** SUPPLIED RECORDS **
****************************************

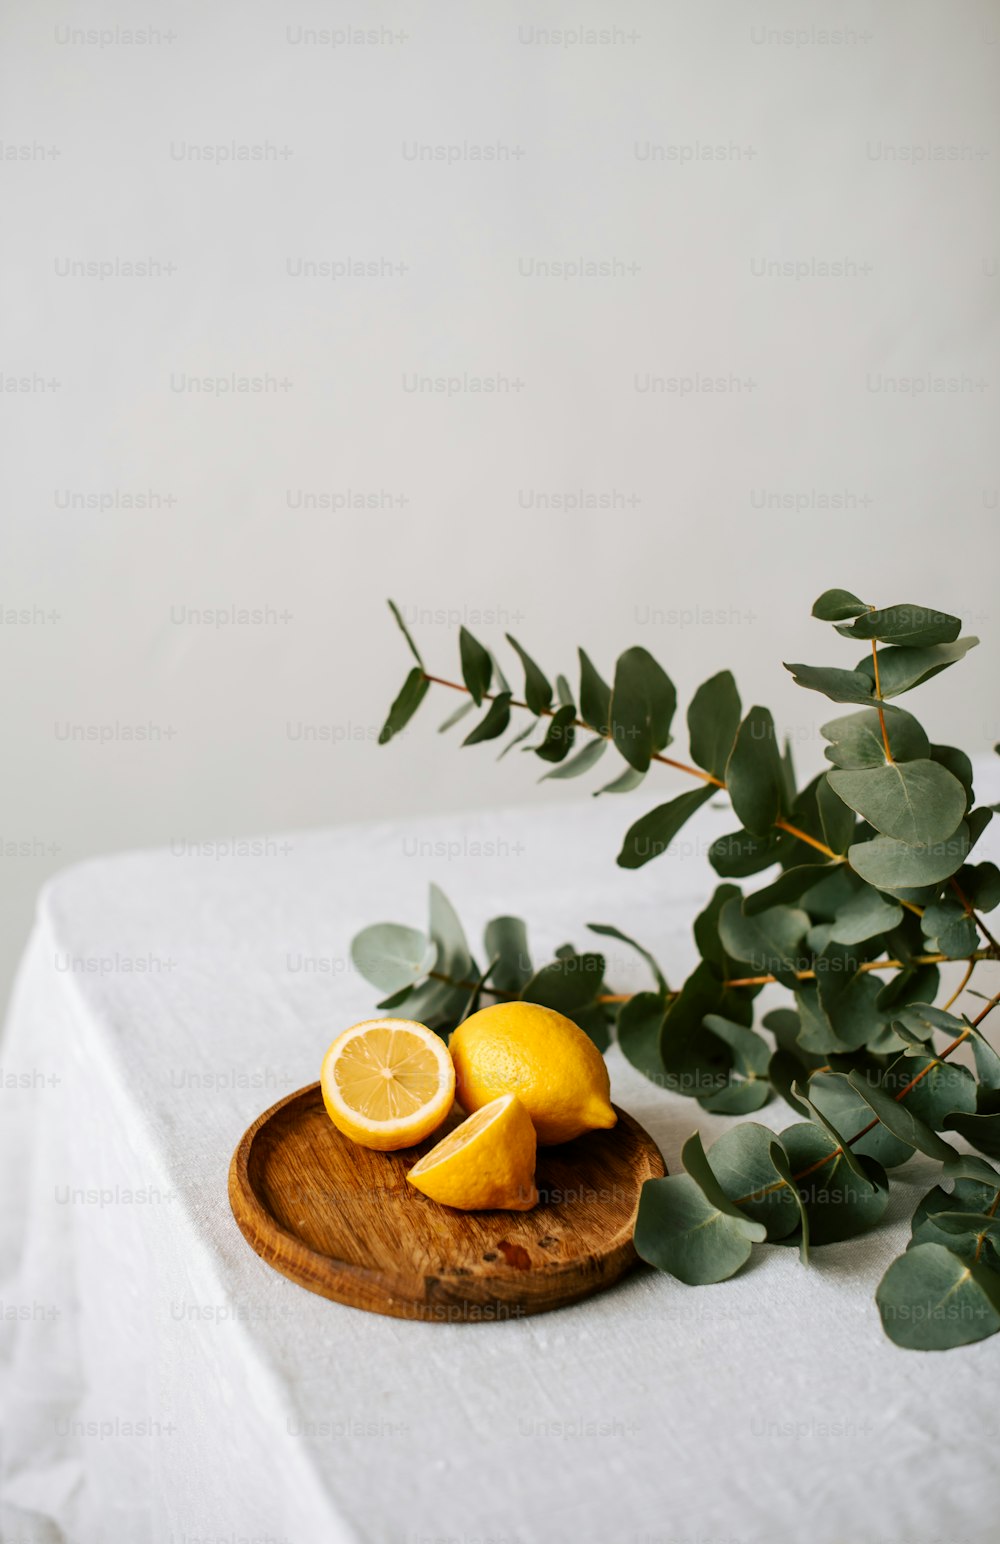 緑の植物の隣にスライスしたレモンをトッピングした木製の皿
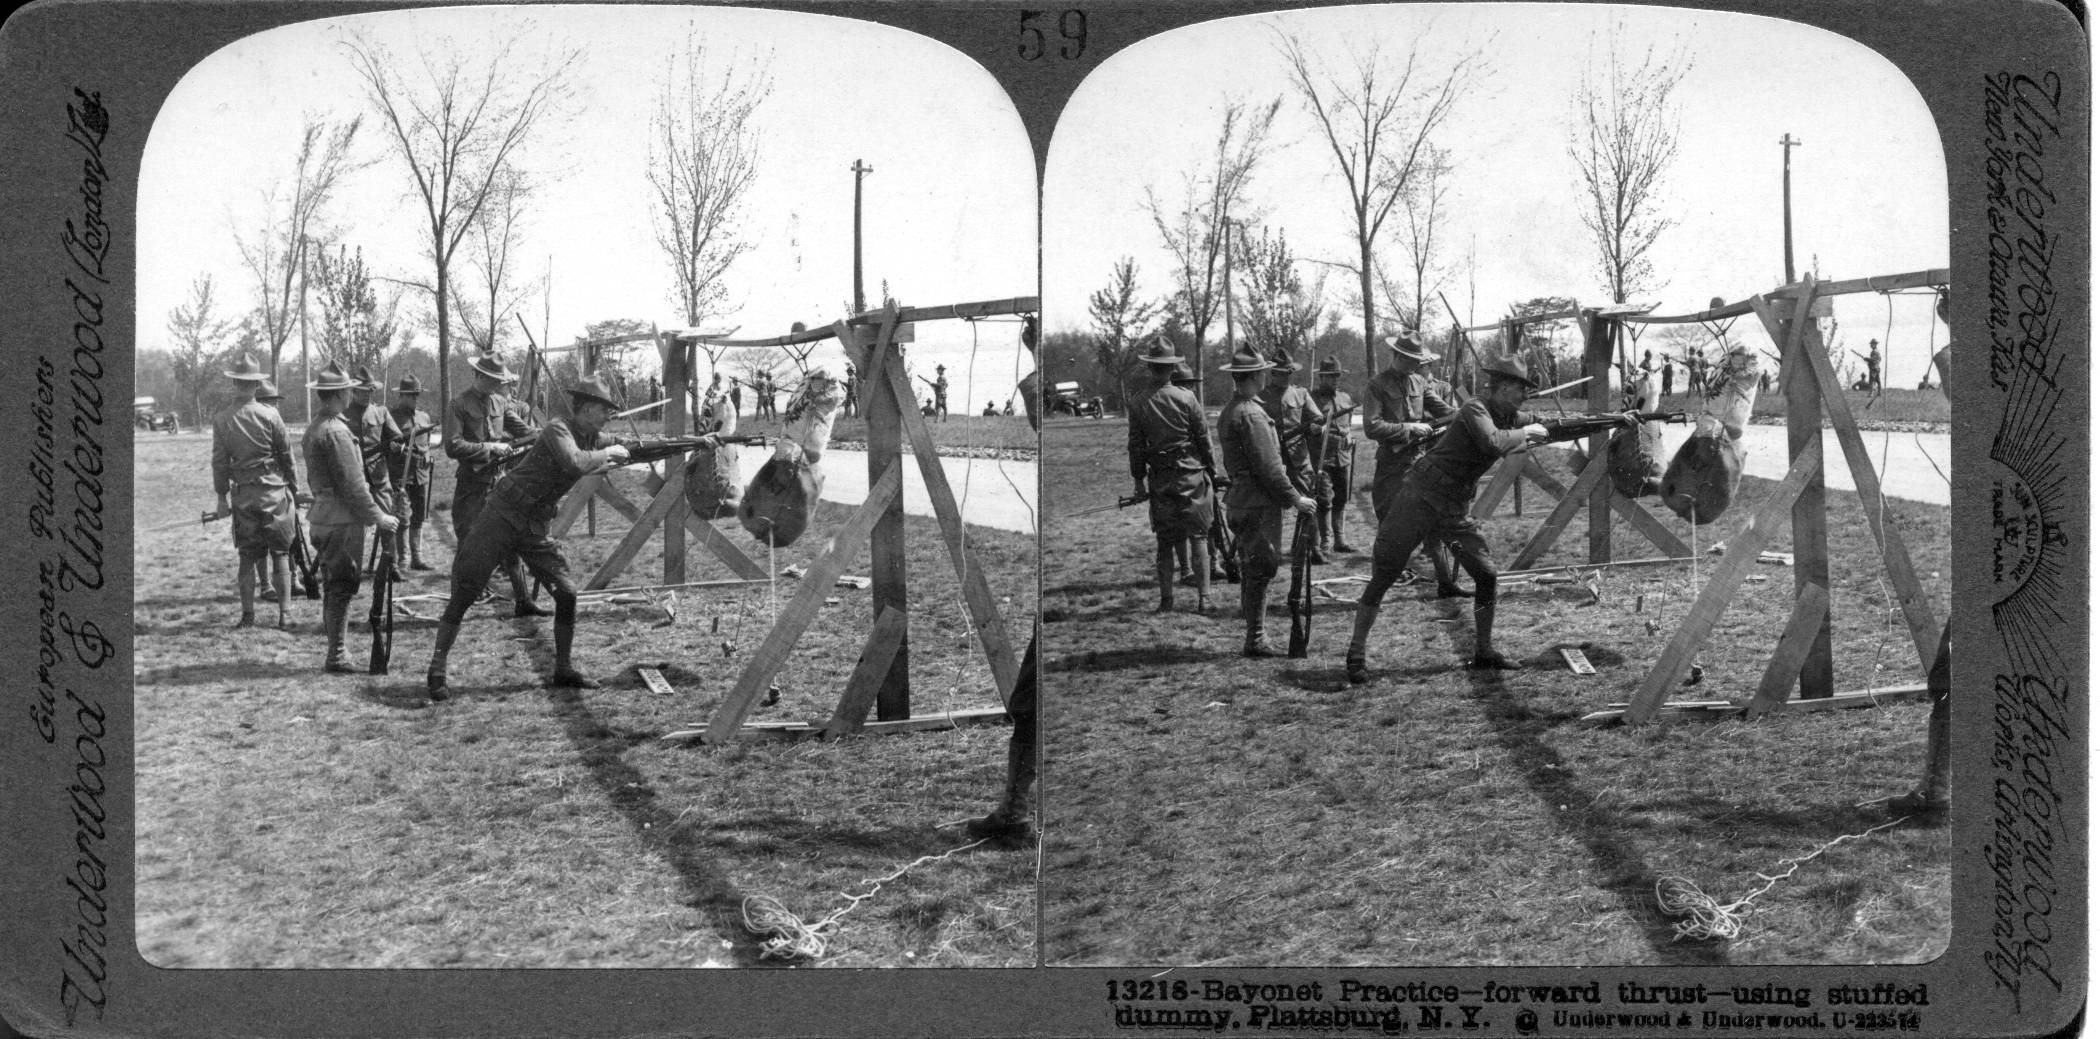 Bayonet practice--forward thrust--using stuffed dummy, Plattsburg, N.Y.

****************************************

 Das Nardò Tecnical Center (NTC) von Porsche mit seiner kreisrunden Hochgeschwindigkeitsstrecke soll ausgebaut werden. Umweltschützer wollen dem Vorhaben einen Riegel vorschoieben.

****************************************

** YOUR ASSIGNMENT **
To complete this exercise, transcribe exactly the lines above from the one that holds "緑の植物の隣にスライスしたレモンをトッピングした木製の皿" through the one that holds "Bayonet practice--forward thrust--using". Pictures stay out.

** TASK RESPONSE **
 緑の植物の隣にスライスしたレモンをトッピングした木製の皿
 Bayonet practice--forward thrust--using stuffed dummy, Plattsburg, N.Y.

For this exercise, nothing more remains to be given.